───── Exercise data
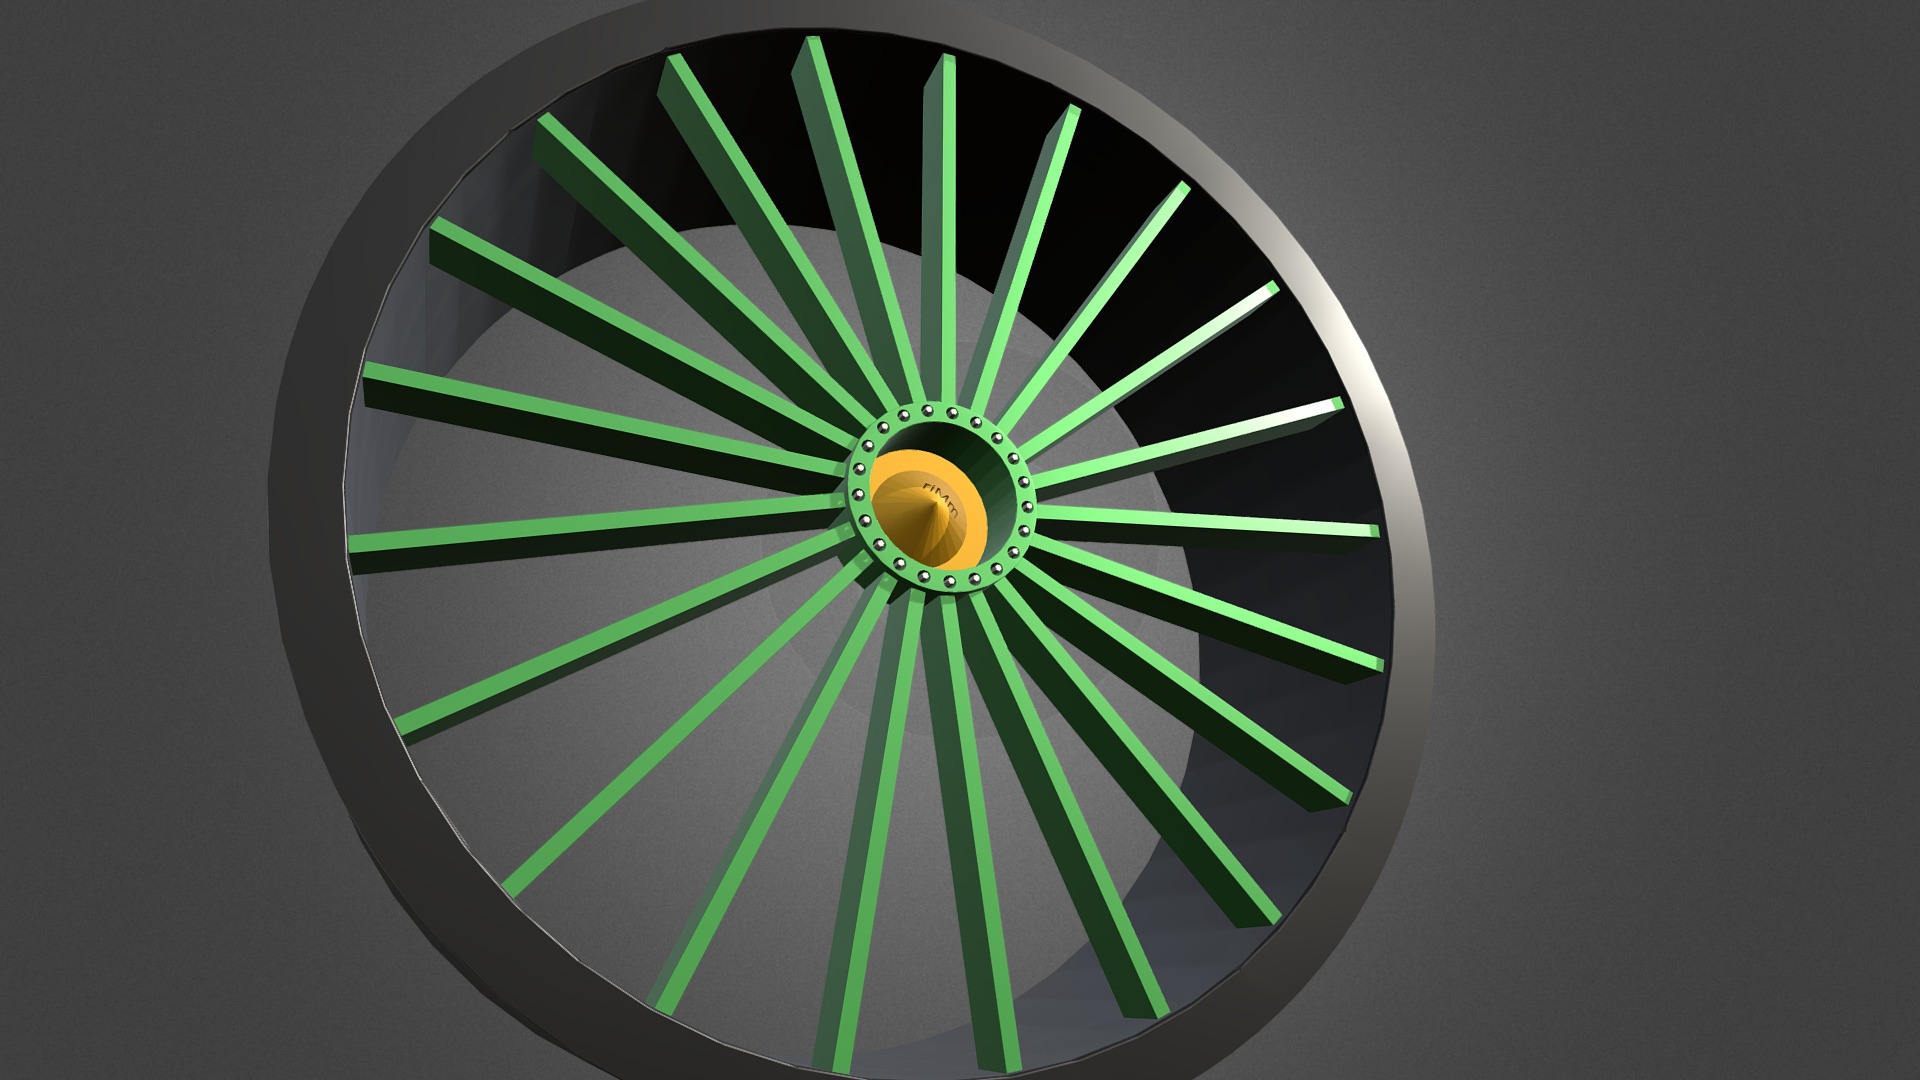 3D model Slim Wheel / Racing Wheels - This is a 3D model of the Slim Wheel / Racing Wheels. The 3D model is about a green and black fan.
──────────
───── Exercise data
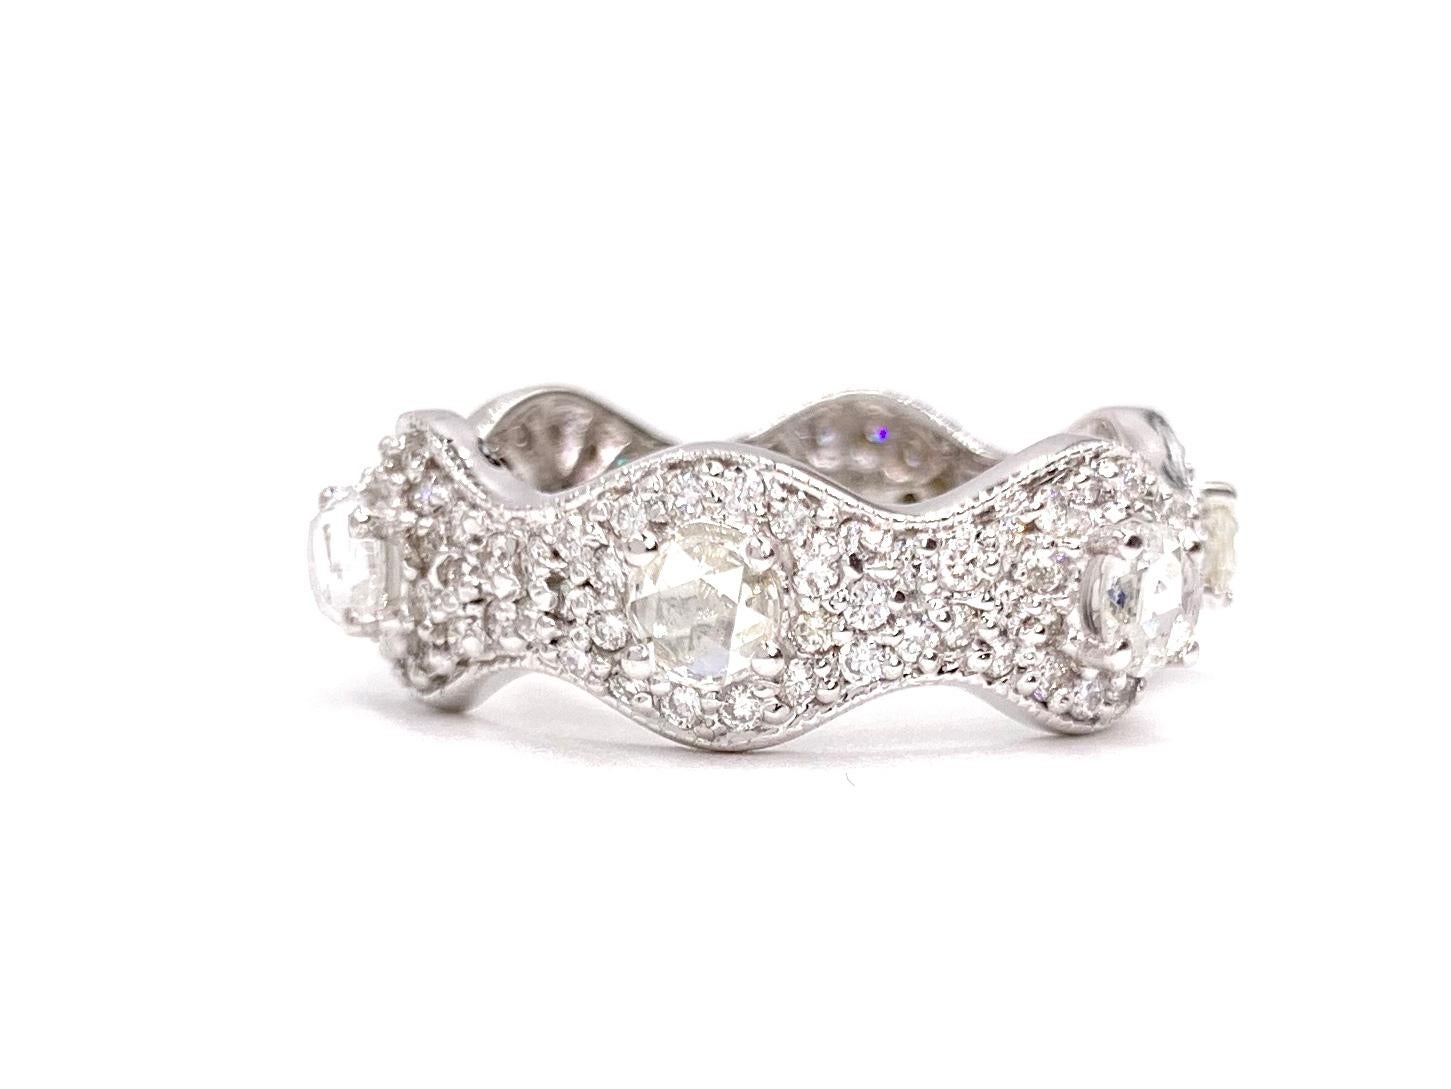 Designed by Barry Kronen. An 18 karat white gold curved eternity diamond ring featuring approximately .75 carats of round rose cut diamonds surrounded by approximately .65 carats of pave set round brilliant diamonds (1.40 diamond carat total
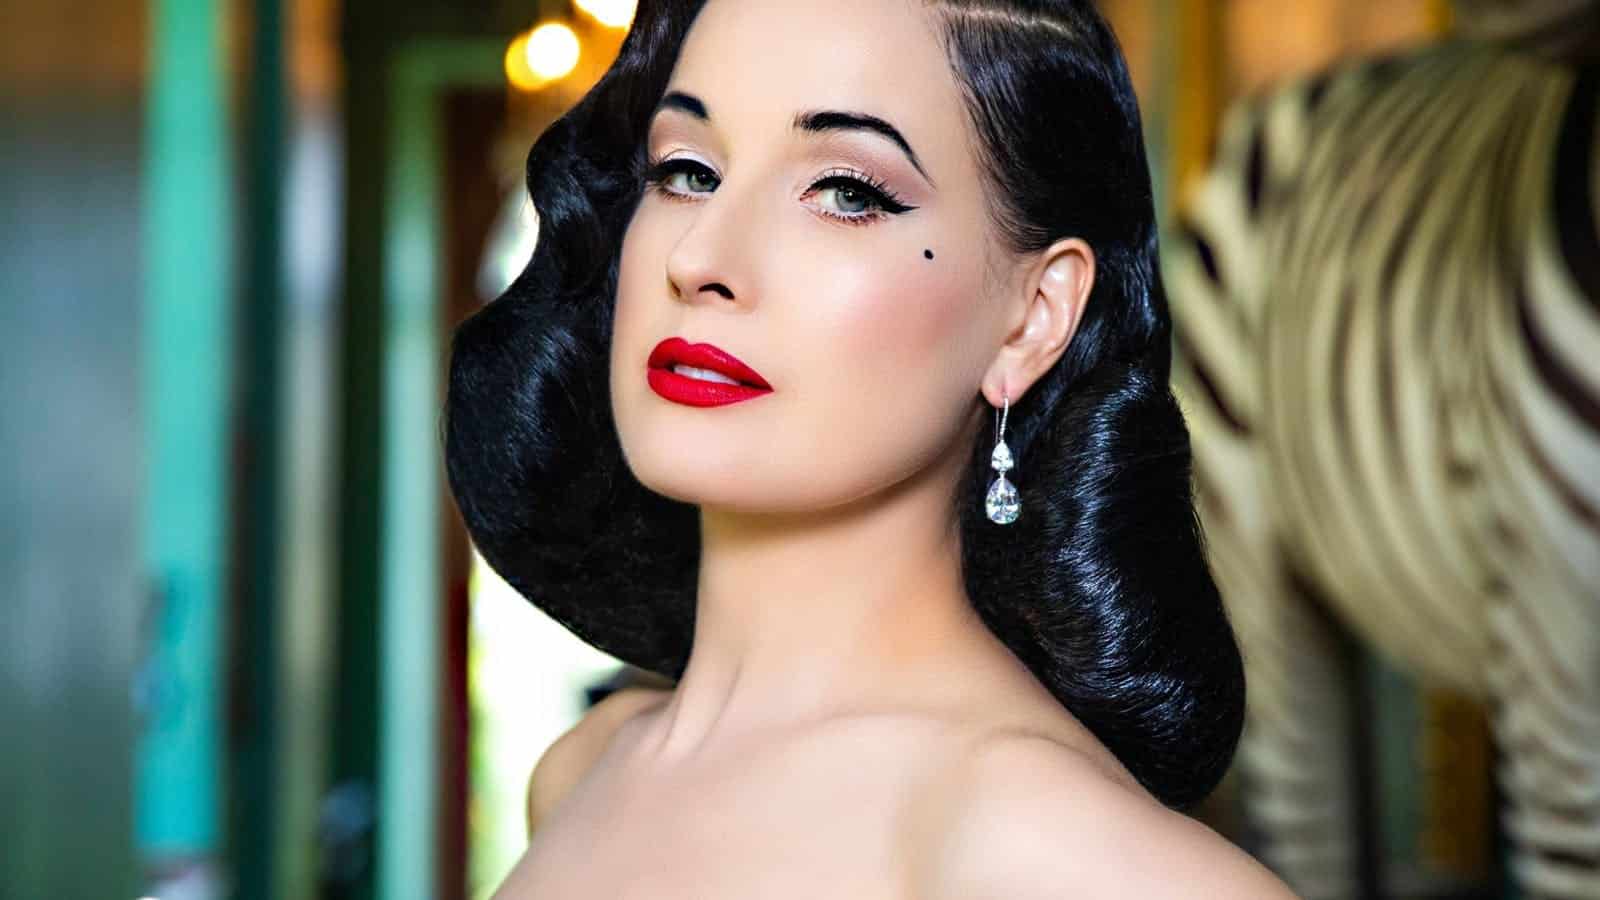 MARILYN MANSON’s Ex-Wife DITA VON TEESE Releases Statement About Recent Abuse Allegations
──────────
───── Exercise data
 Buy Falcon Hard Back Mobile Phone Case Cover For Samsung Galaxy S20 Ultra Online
──────────
Work request -
Return exactly the lines of the material above, starting at the line containing "Designed by Barry" and finishing at the line containing "MARILYN MANSON’s Ex-Wife", without any pictures.

Task response -
 Designed by Barry Kronen. An 18 karat white gold curved eternity diamond ring featuring approximately .75 carats of round rose cut diamonds surrounded by approximately .65 carats of pave set round brilliant diamonds (1.40 diamond carat total
 MARILYN MANSON’s Ex-Wife DITA VON TEESE Releases Statement About Recent Abuse Allegations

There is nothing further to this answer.